Many French fishermen have begun a two-day strike to highlight a “plague of crises” hitting their sector, including EU regulation and post-Brexit turmoil.

They are being called to walk out on Thursday (March 30) and Friday (March 31) to call for more government support.

Industry group le Comité national des pêches (CNP) says the journées mortes (dead days) in French ports would mean no fishing boats going out, no fish sales, and no processing of fish food items.

The CNP says each local committee can decide the best day or days to strike.

Some ports have already begun action and the movement is said to be well supported.

Workers at the French port of Boulogne-sur-Mer began action on Sunday evening, and fishing has been stopped since Tuesday, March 28. Demonstrations have also taken place in Rennes and Lorient.

The mayor of Boulogne, Frédéric Cuvillier, has also called for a “united front” at European level. He said that he was against EU regulations that would “put trades, traditions, economies and, ultimately, human heritage on the back burner”.

Unpopular EU regulations include the planned ban on seabed trawling in protected marine areas by 2030, and the Conseil d’Etat’s recent decision to ban fishing from some areas in the French Atlantic in a bid to protect dolphins in the Bay of Biscay.

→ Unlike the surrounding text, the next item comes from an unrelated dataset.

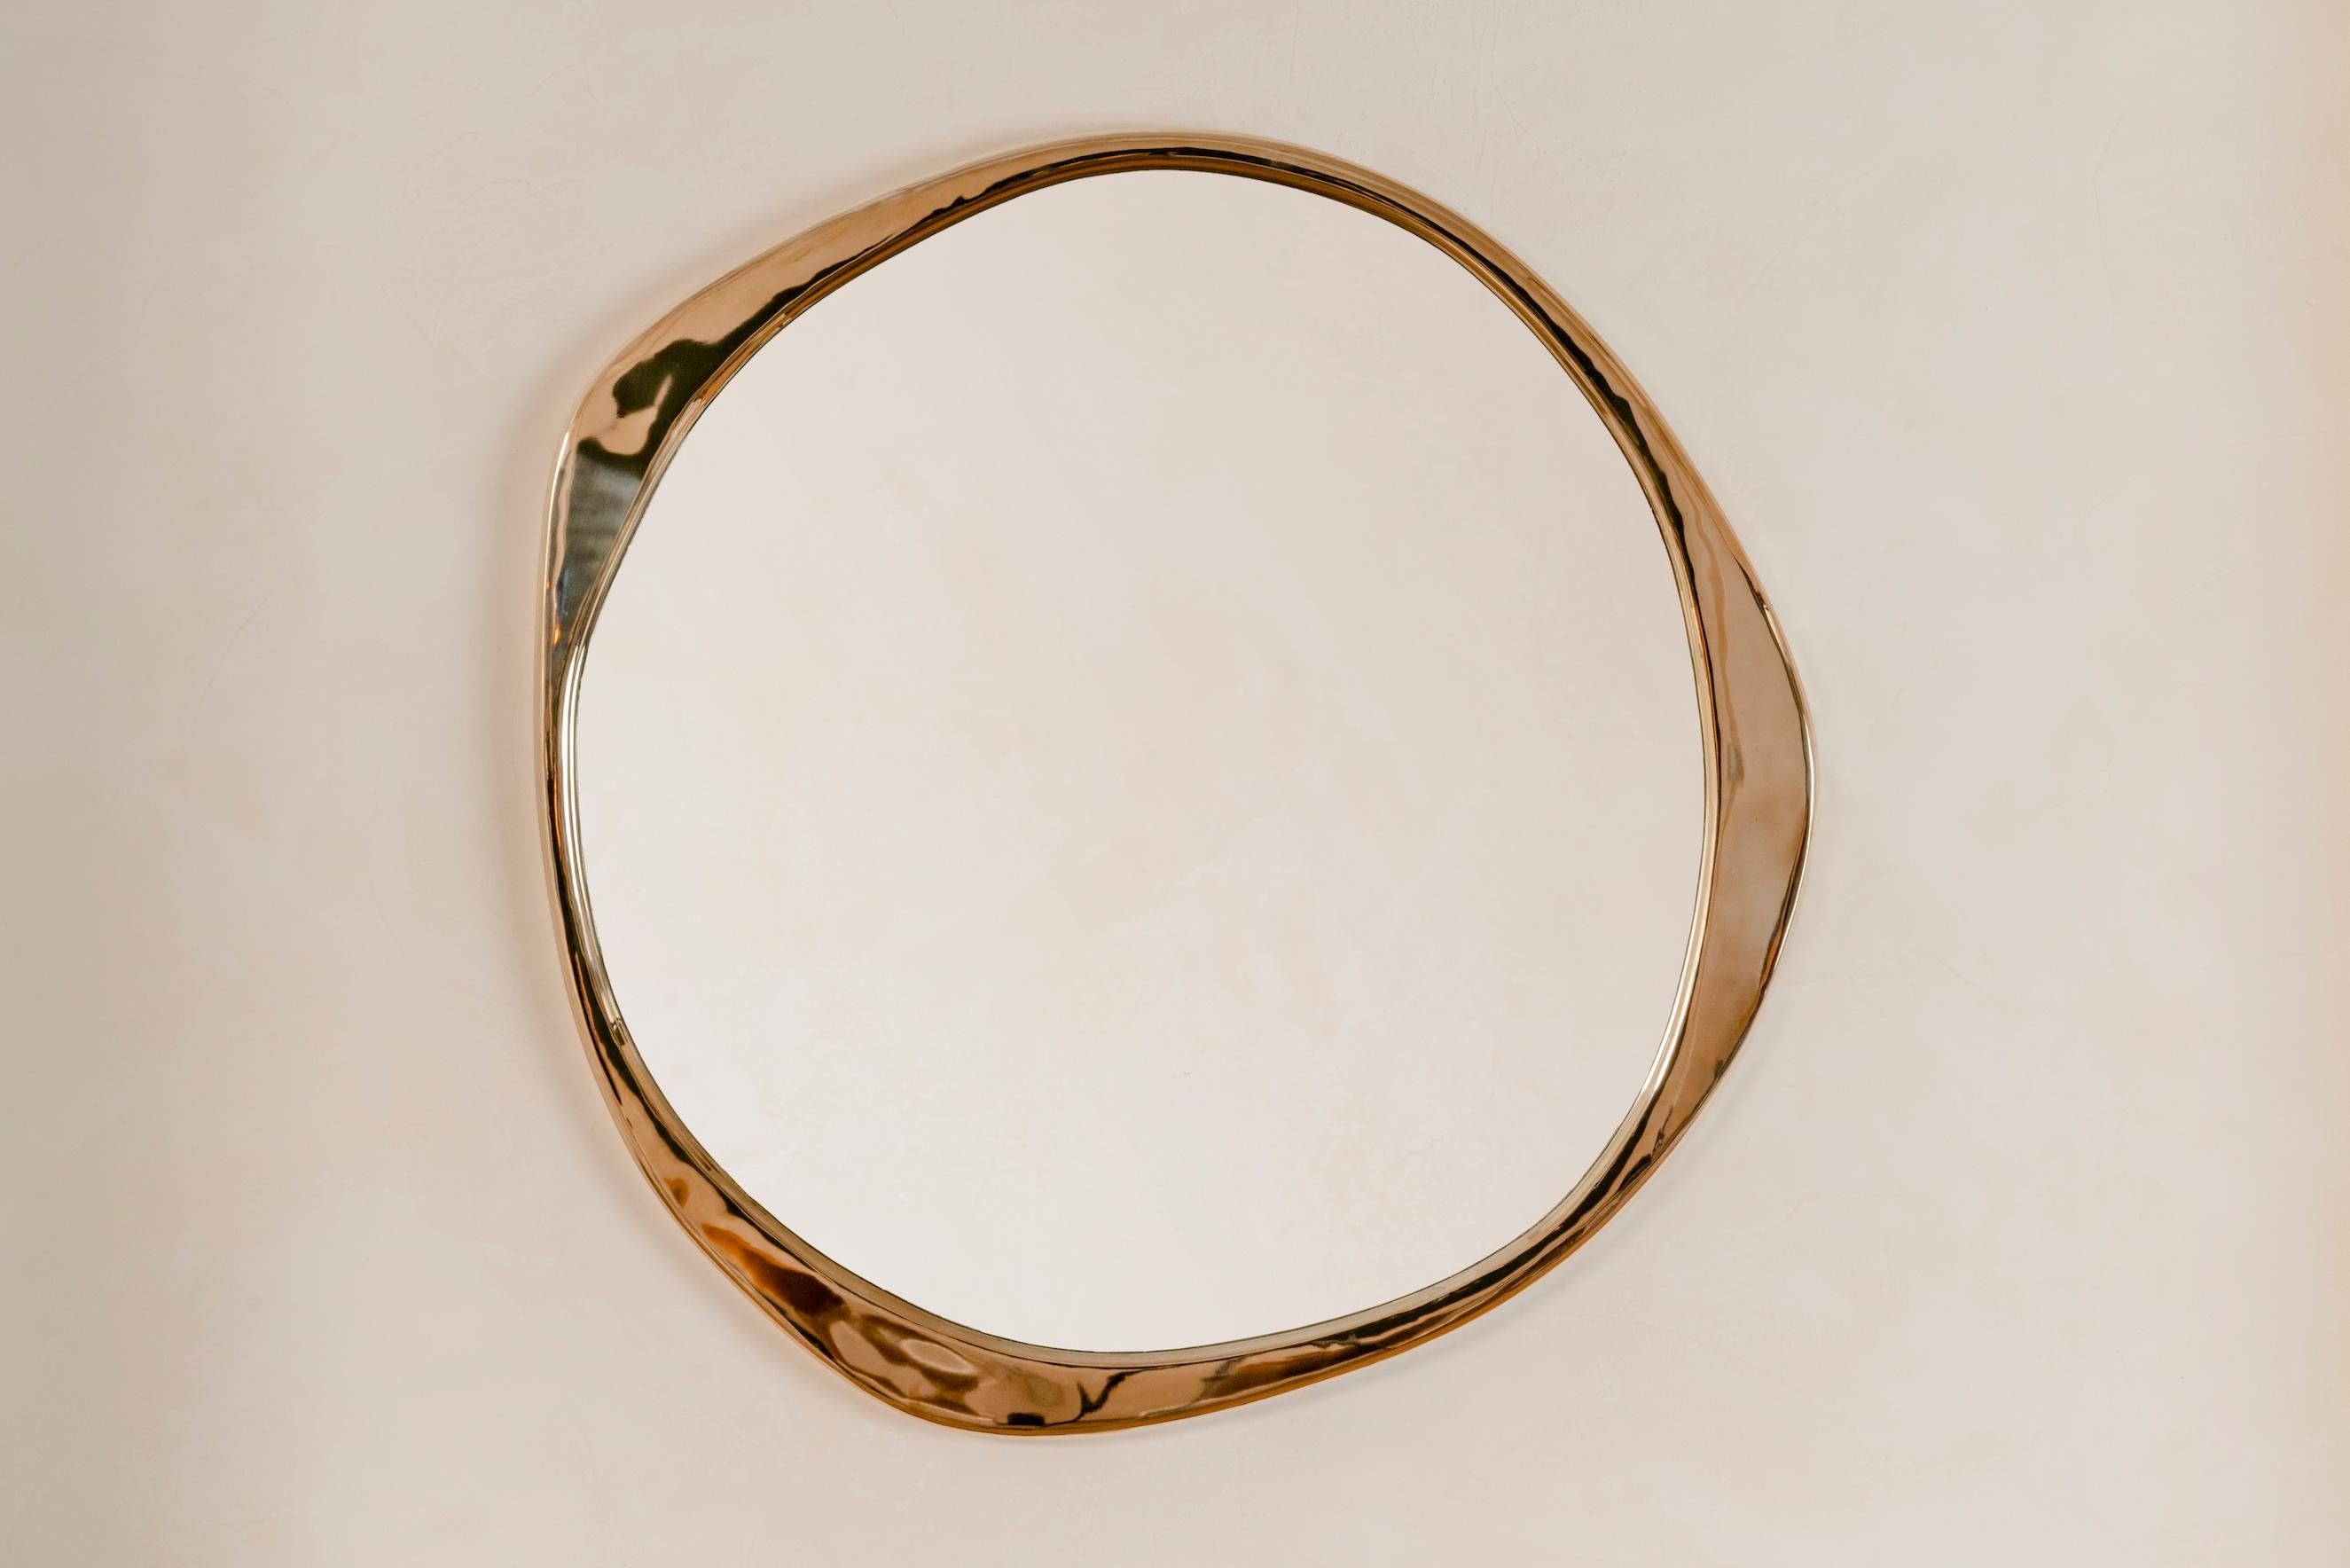 Le sculptural miroir A.Cepa en bronze poli est coulé en bronze dans une fonderie d'art en Pennsylvanie, et habilement poli à la main. De forme ondulée et irrégulière, le miroir A. Cepa est le point de mire de toute pièce grâce à sa forme organique

Instead, they are calling for the use of sonars and special dolphin-repelling nets to stop dolphins from becoming caught up in fishing.

The CNP said, in a statement to the AFP: “The floodgates are open. We have to give a future to all the actors of our sector because today the horizon is dark.” The sector condemned the government as being “disengaged” from the sea.

It added: “These ‘dead days’ are the result of ‘unified action’ and coordination between fishing workers, wholesalers, and fishmongers: because in the long term, the disappearance of a part of the fleet will directly threaten the entire employment pipeline, from the ports, right up to the processing plants.”

The movement is also calling for the payment of diesel subsidies, which protesters claim “have not been paid for six months”, and more unified rules on fishery and vessel safety rules in France, which are currently complex.